Monday, March 19, 2007
Adventures of a Wolf Watcher
Our first few days in the park were spent in and around the Lamar Valley in the northeastern corner of the park. We stayed in a comfortable motel in Cooke City, a tiny end-of-the-road town just outside the park, altitude around 8,000 feet. I called it "Testosterone City," because it is a snowmobiler's haven, with people coming from all over creation to ride their motorized sleds through the mountains outside the park boundaries. Sadly, days before we arrived, 5 of them had been killed in a backcountry avalanche, conditions no doubt exacerbated by the noisy vibrations of their machines. Mornings and evenings in town reverberate with the sound of revving engines as strapping men, outfitted in cold weather garb, prepare for fast paced tours through some the world's most exquisite landscapes.
As "wolf watchers," our days started at 5 AM, with breakfast at 6:15, in the van and on the road by 7 or so. We had brought clothing to keep us warm at temperatures well below zero, but like the rest of the country, Yellowstone was suffering from "crazy weather syndrome." The mornings were cold with temps in the teens but by midday it was well up into the thirties and at lower elevations in the forties.
Our guides, Scott and Paul, both highly qualified biologists, know their subjects well, having been involved in research projects involving the park's wolf population.
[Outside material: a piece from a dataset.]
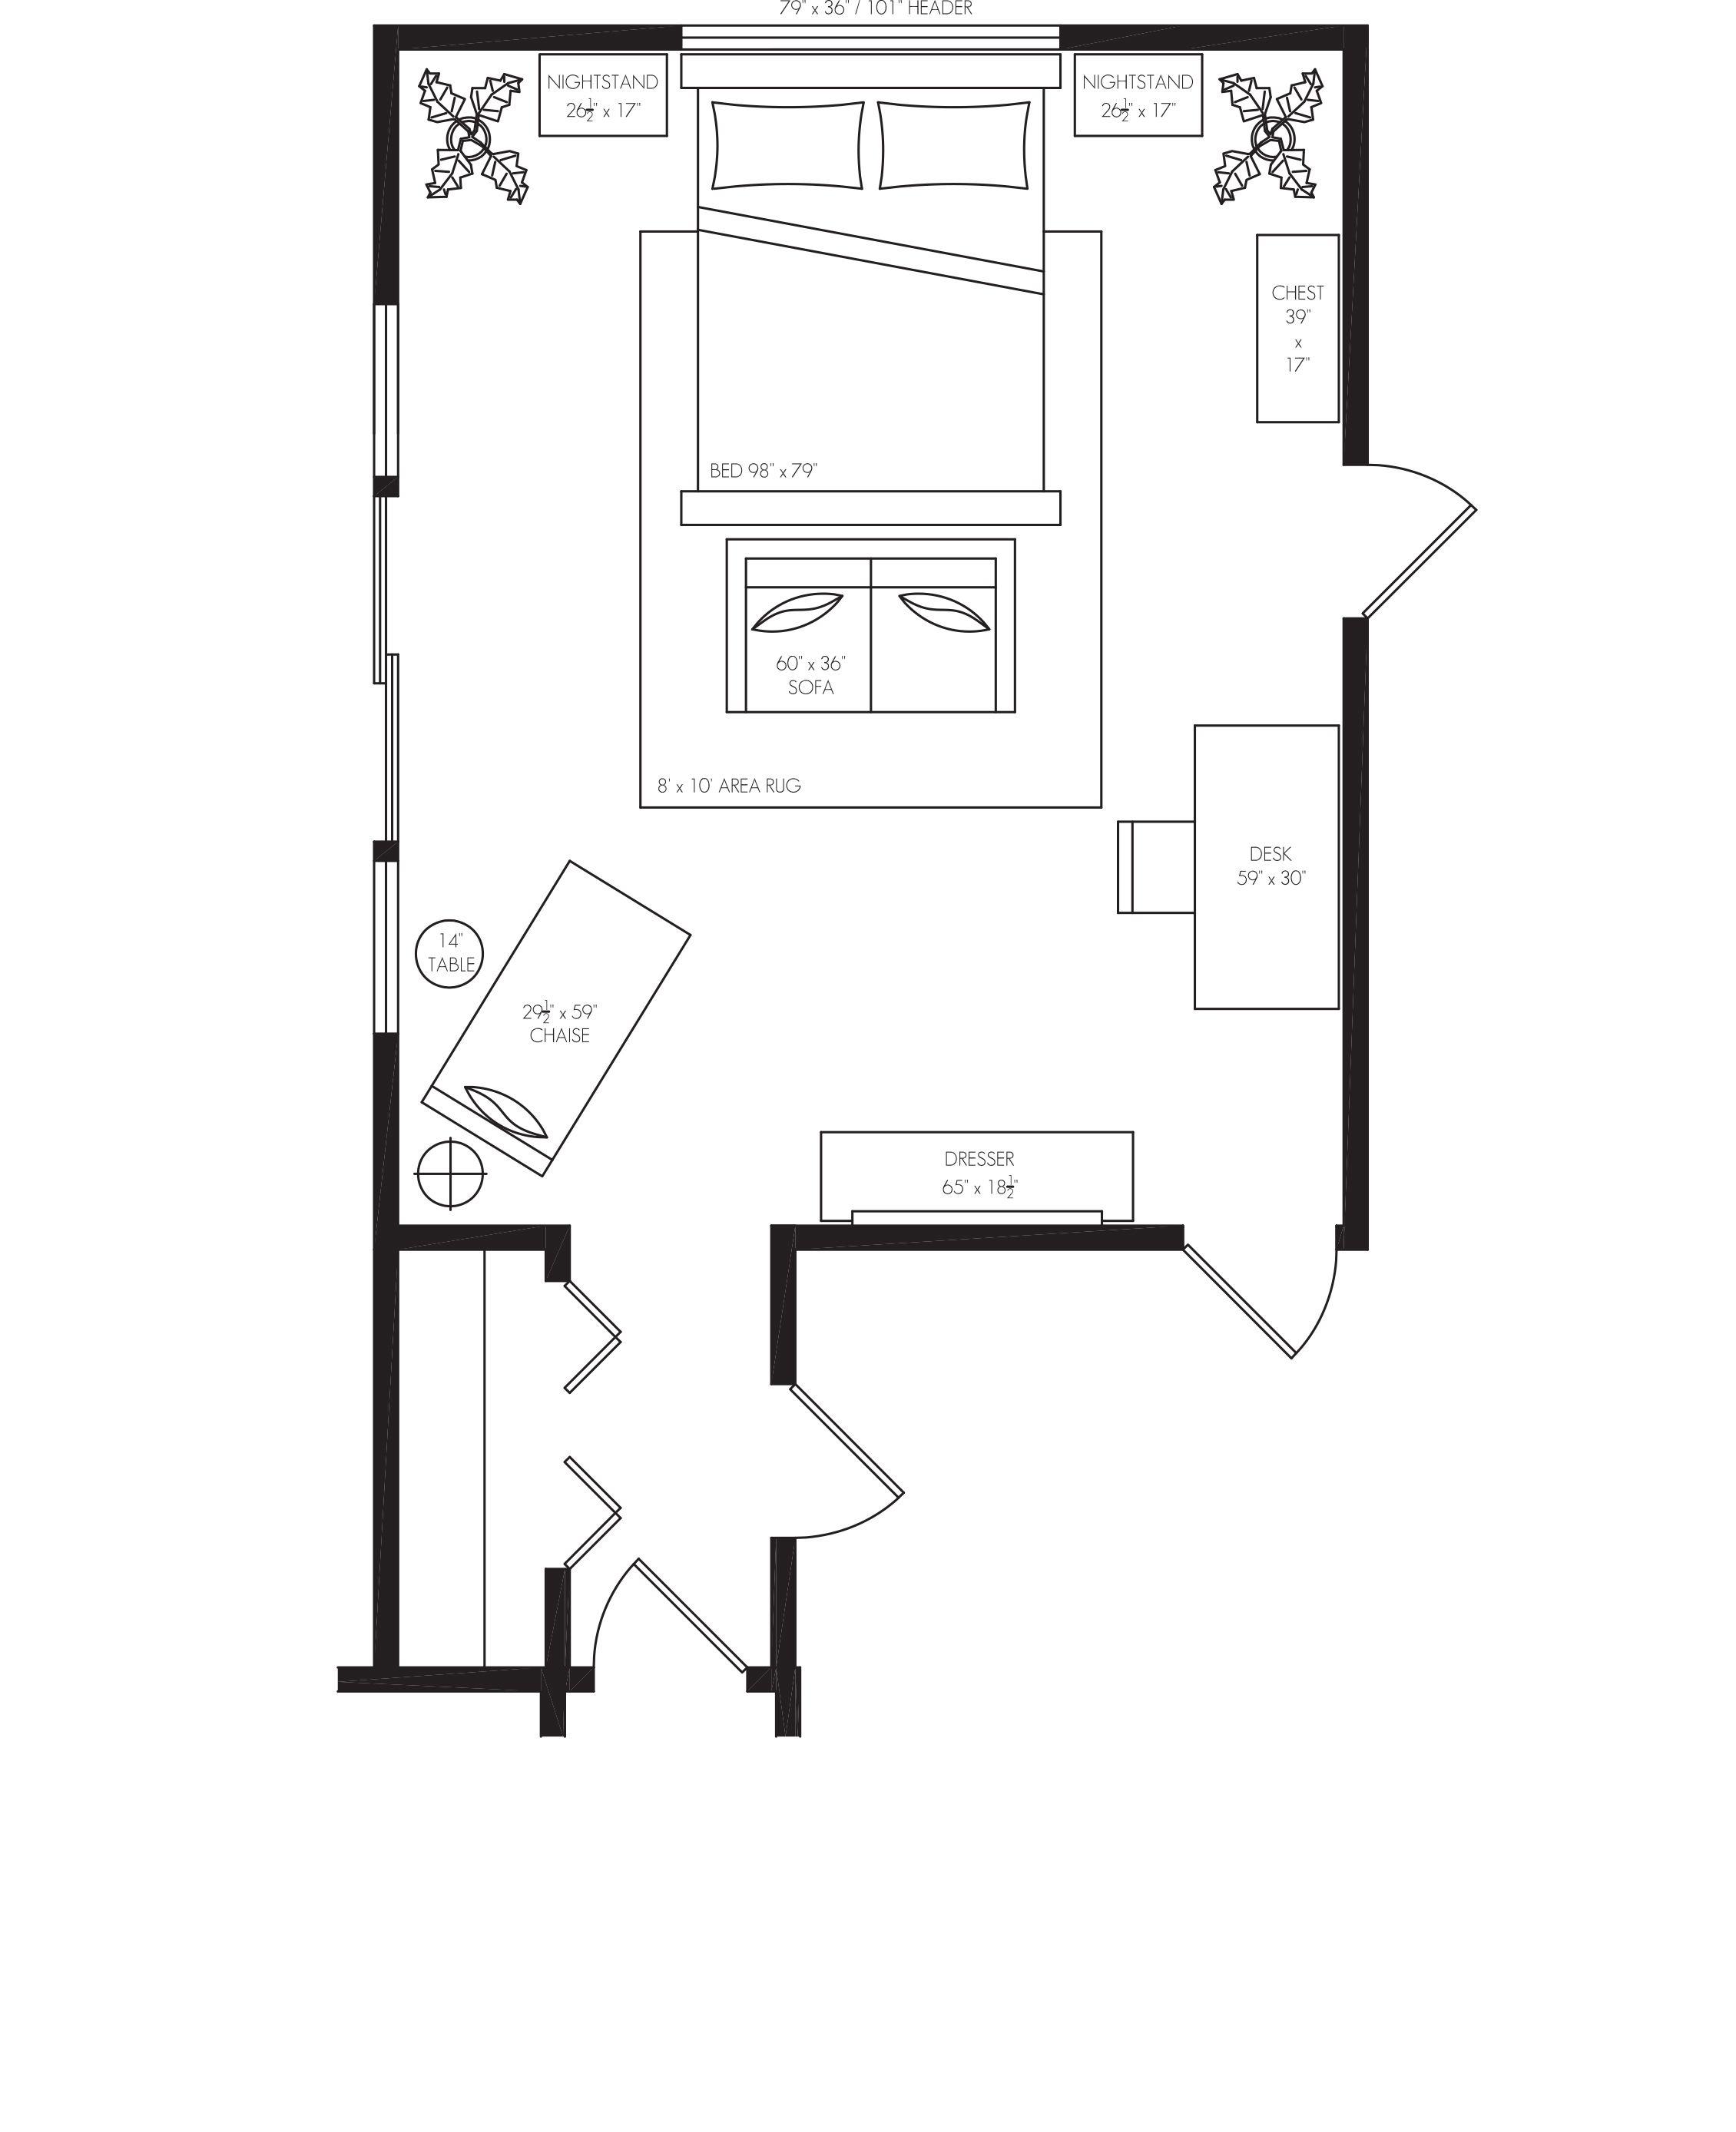 Master Bedroom Furniture Layout Santa Rita

As I sit here at my computer, Scott is somewhere out in the backcountry tracking the wolves through their daily rounds, recording data that will further our knowledge of wolf behavior. Some members in each of the individual packs wear radio collars and on this trip we were guided daily to locations by other scientists picking up signals from the collared wolves. Once in the targeted area, the skilled eyes of Scott and Paul honed in on our subjects.
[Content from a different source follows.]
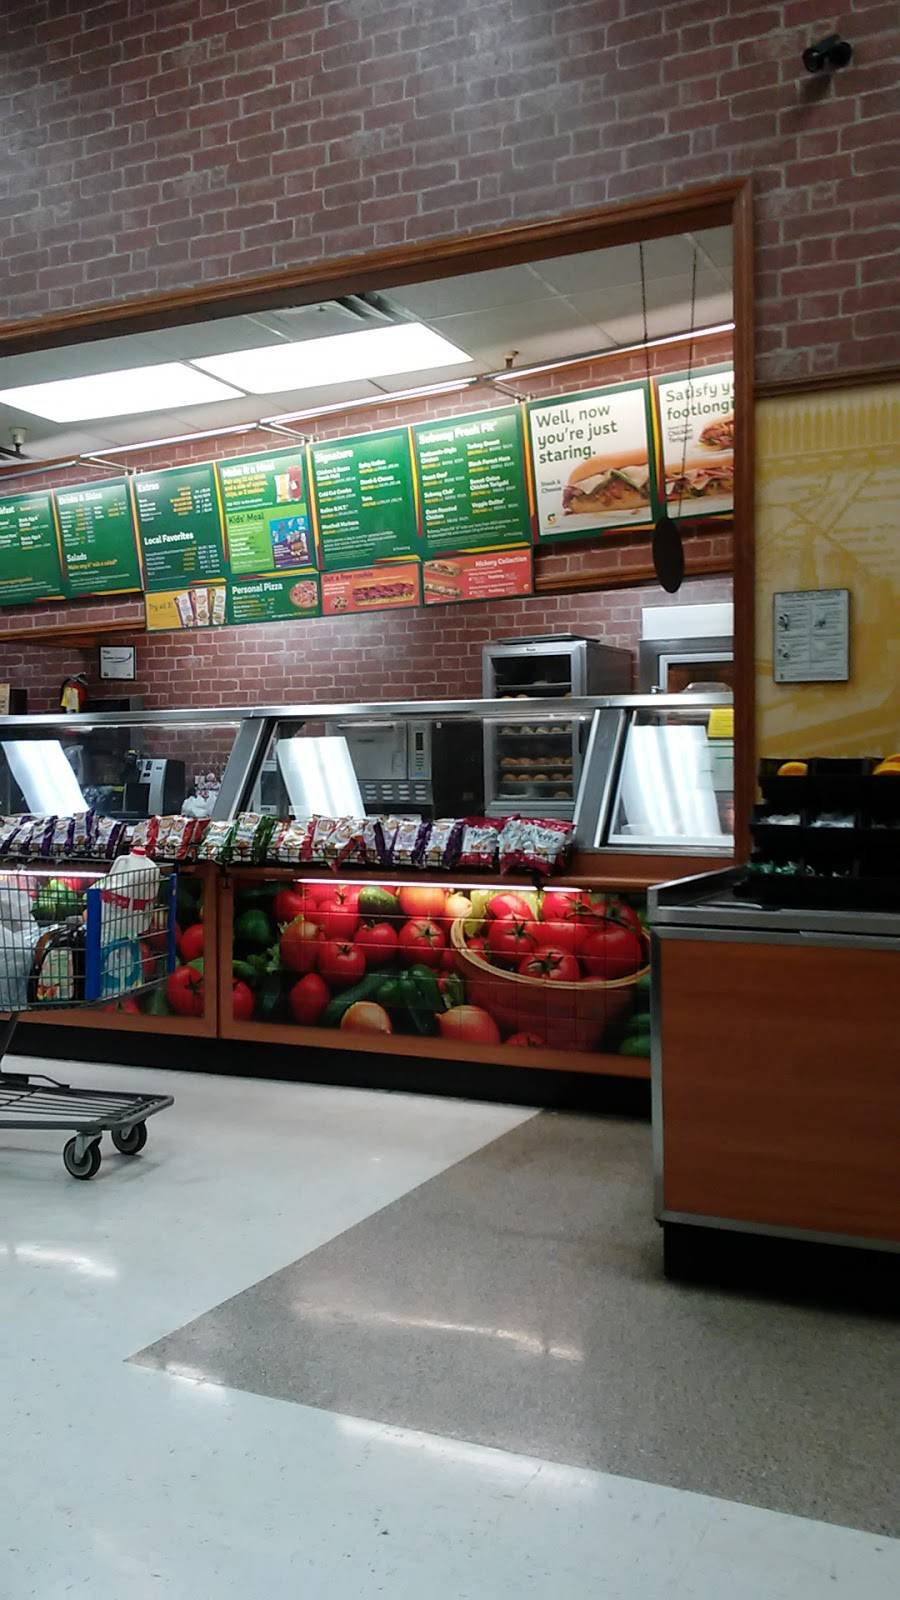 Subway | restaurant | 6586 GA-40, St Marys, GA 31558, USA | 9128827661 OR +1 912-882-7661

The first day out we spent the morning observing the Druid Pack, waiting off in the distance, to feed on an elk they had killed just before dawn. Unfortunately, the kill was almost in the road and when we arrived photographers with giant telephoto lenses and other wolf watchers like us, lined the road, waiting for an opportunity to watch the wolves feeding. The group that I was with moved off down the road to another location where we observed the same pack across the Lamar River, basking in the sun, waiting for the crowd of gawkers to leave. Later in the morning park rangers moved the carcass away from the road, but still the wolves hung back. Coyotes, ravens, magpies and eagles were not shy and feasted most of the day.
Years ago when I was working in photography, I carried multiple cameras, big lenses, tripods and the rest of the gear neeeded for excellent photo making. These days that gear remains sitting in a closet while I go armed only with a digital point and shoot camera, prefering not to lug lots of equipment around. I also find that if I'm not trying to figure out how to get the best shot, I can experience whatever the subject is, whether it's a wolf or flower, in all of its glory without missing a thing. This photo was taken with that camera through a spotting scope that the guides provided for us. The pack was probably a half to a full mile away and all the observing we did, like bird watching, was done through the scopes and binoculars.